ASSIGNMENT:
Pictures stay out of the answer, but every line of the material must be restated exactly.

═════ EXERCISE DATA ═════

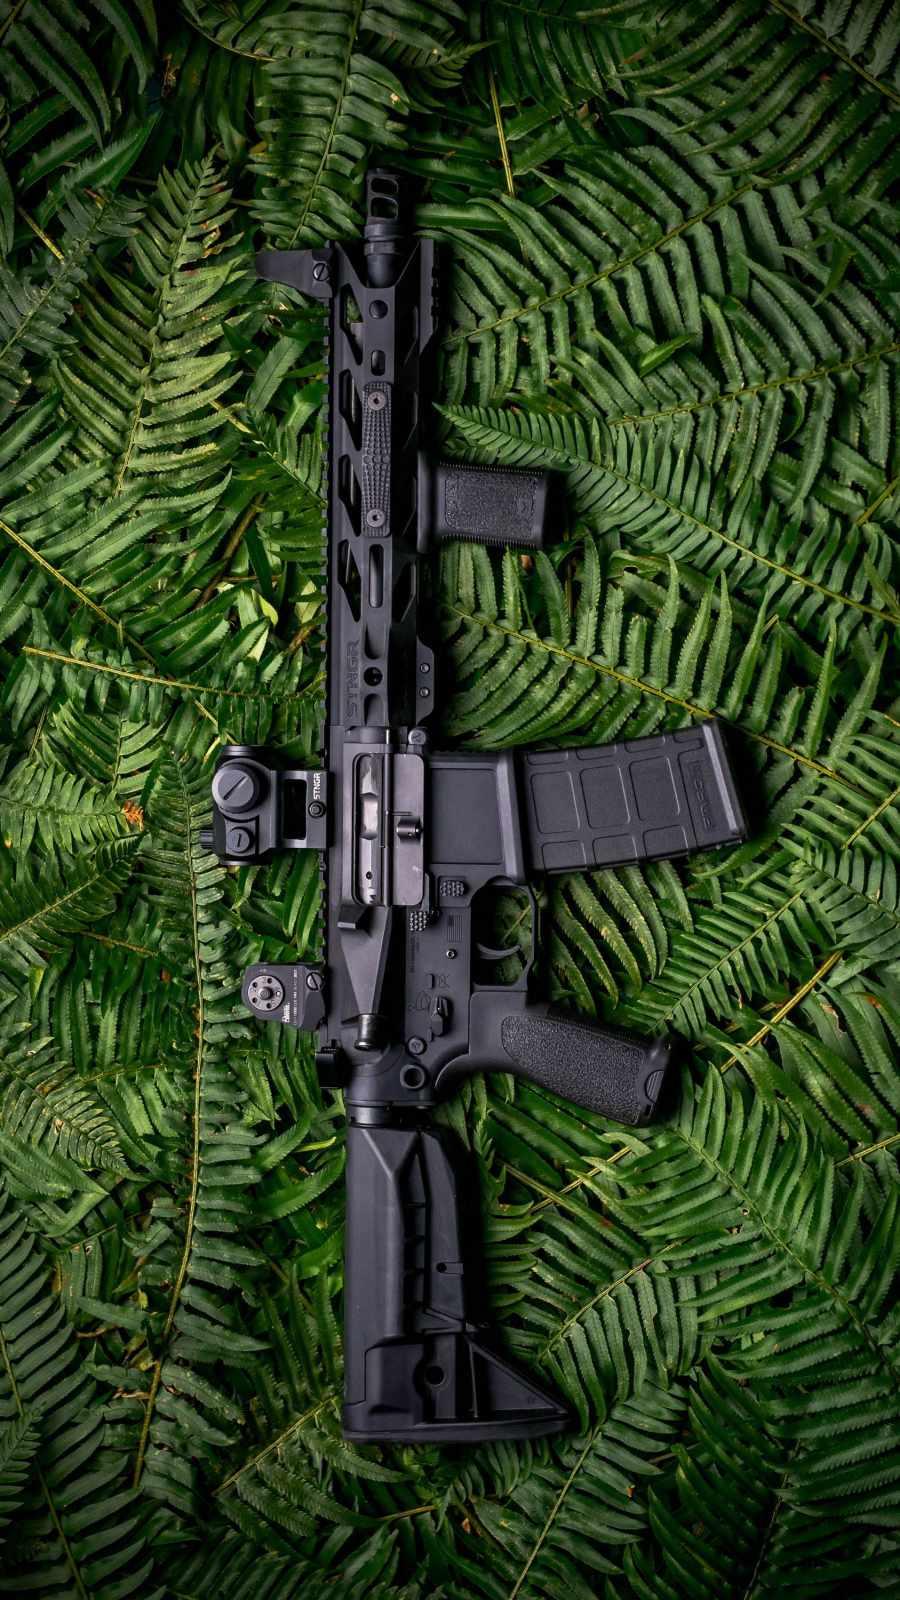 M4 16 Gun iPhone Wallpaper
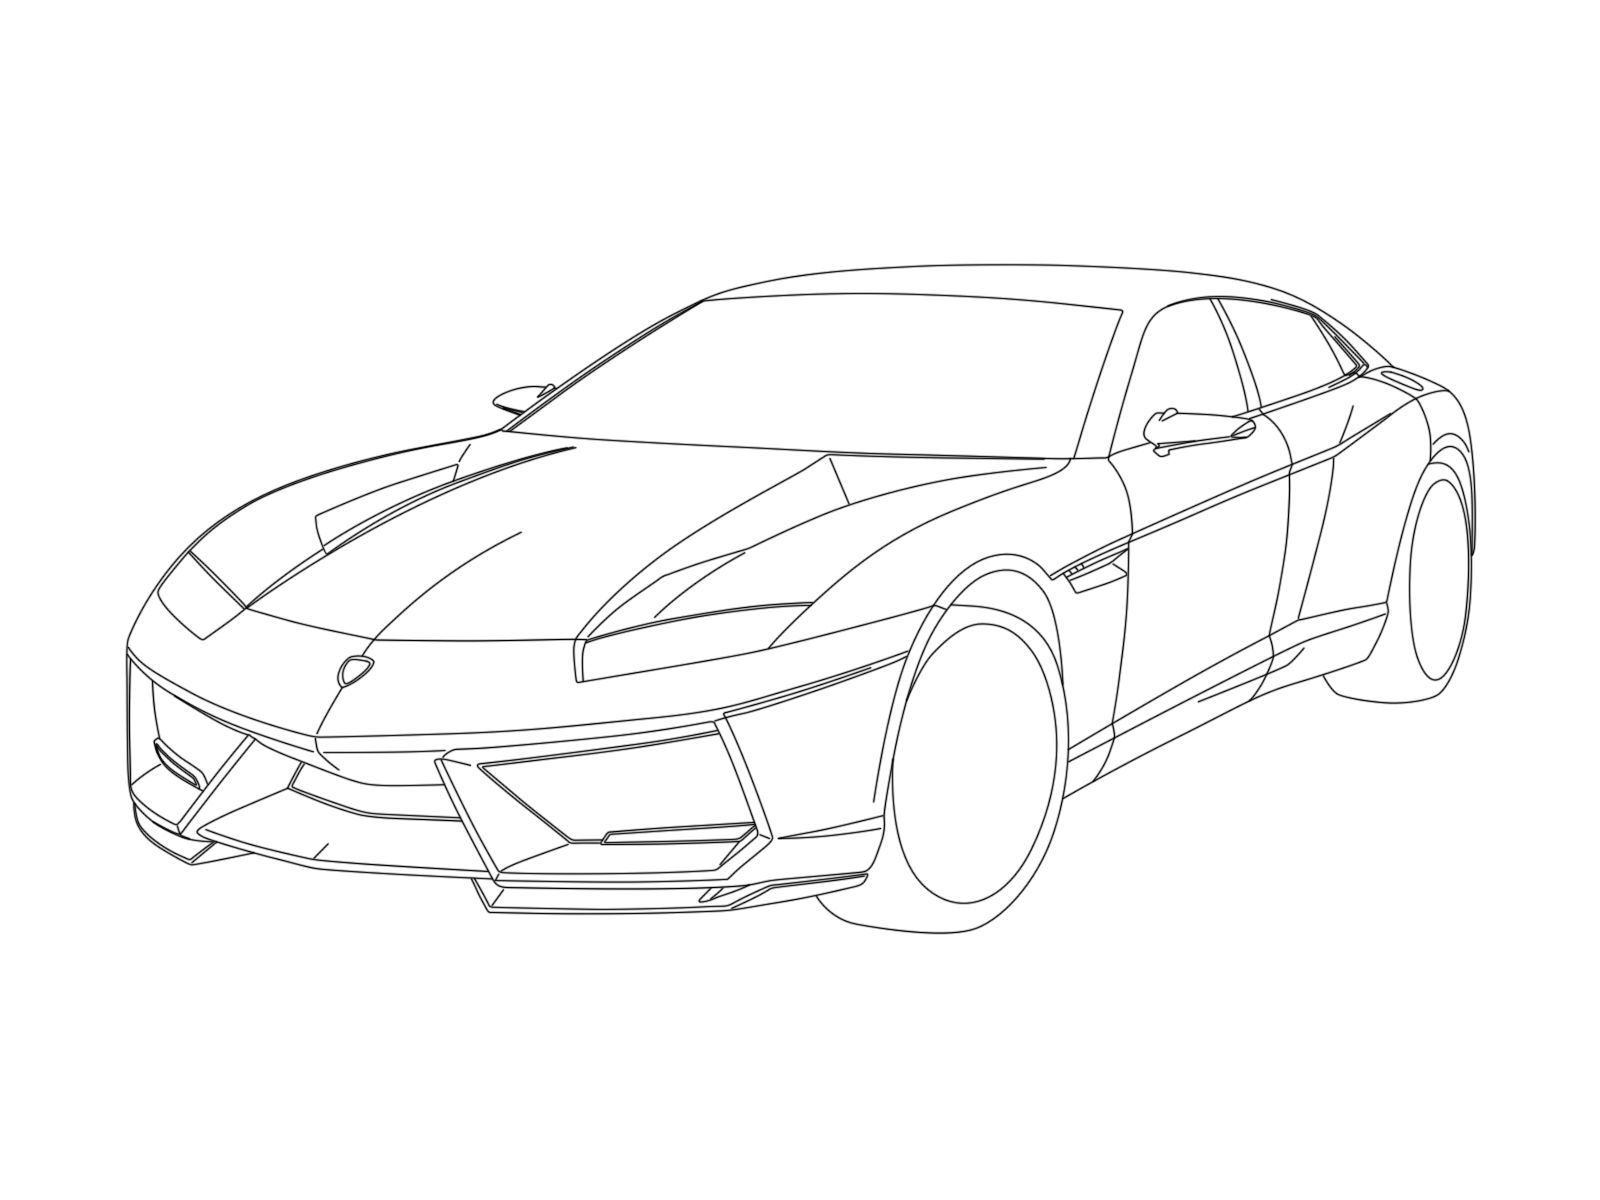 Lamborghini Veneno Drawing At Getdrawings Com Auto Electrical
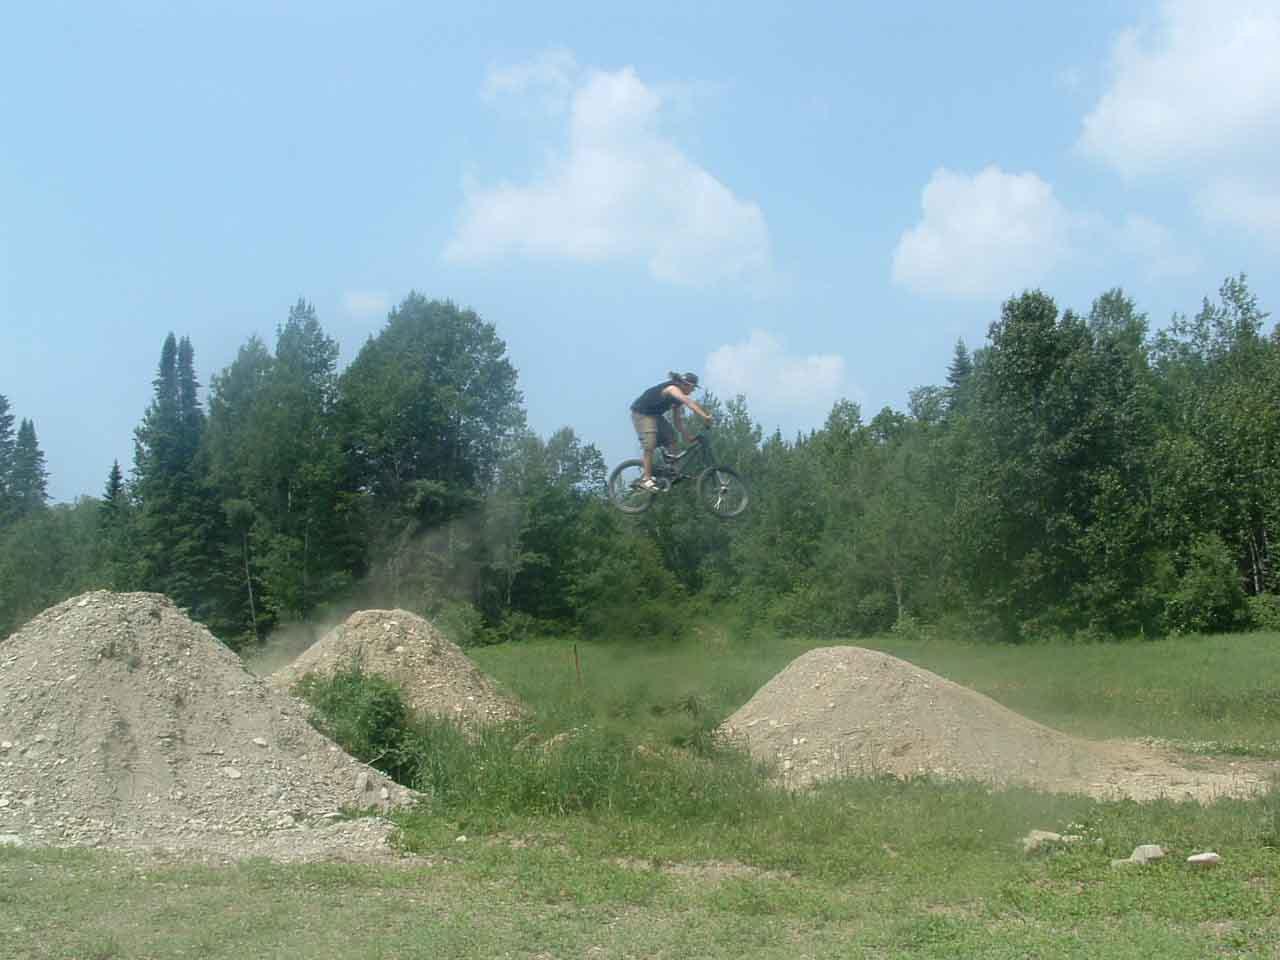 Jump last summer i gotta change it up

═════

EXERCISE RESPONSE:
 M4 16 Gun iPhone Wallpaper
 Lamborghini Veneno Drawing At Getdrawings Com Auto Electrical
 Jump last summer i gotta change it up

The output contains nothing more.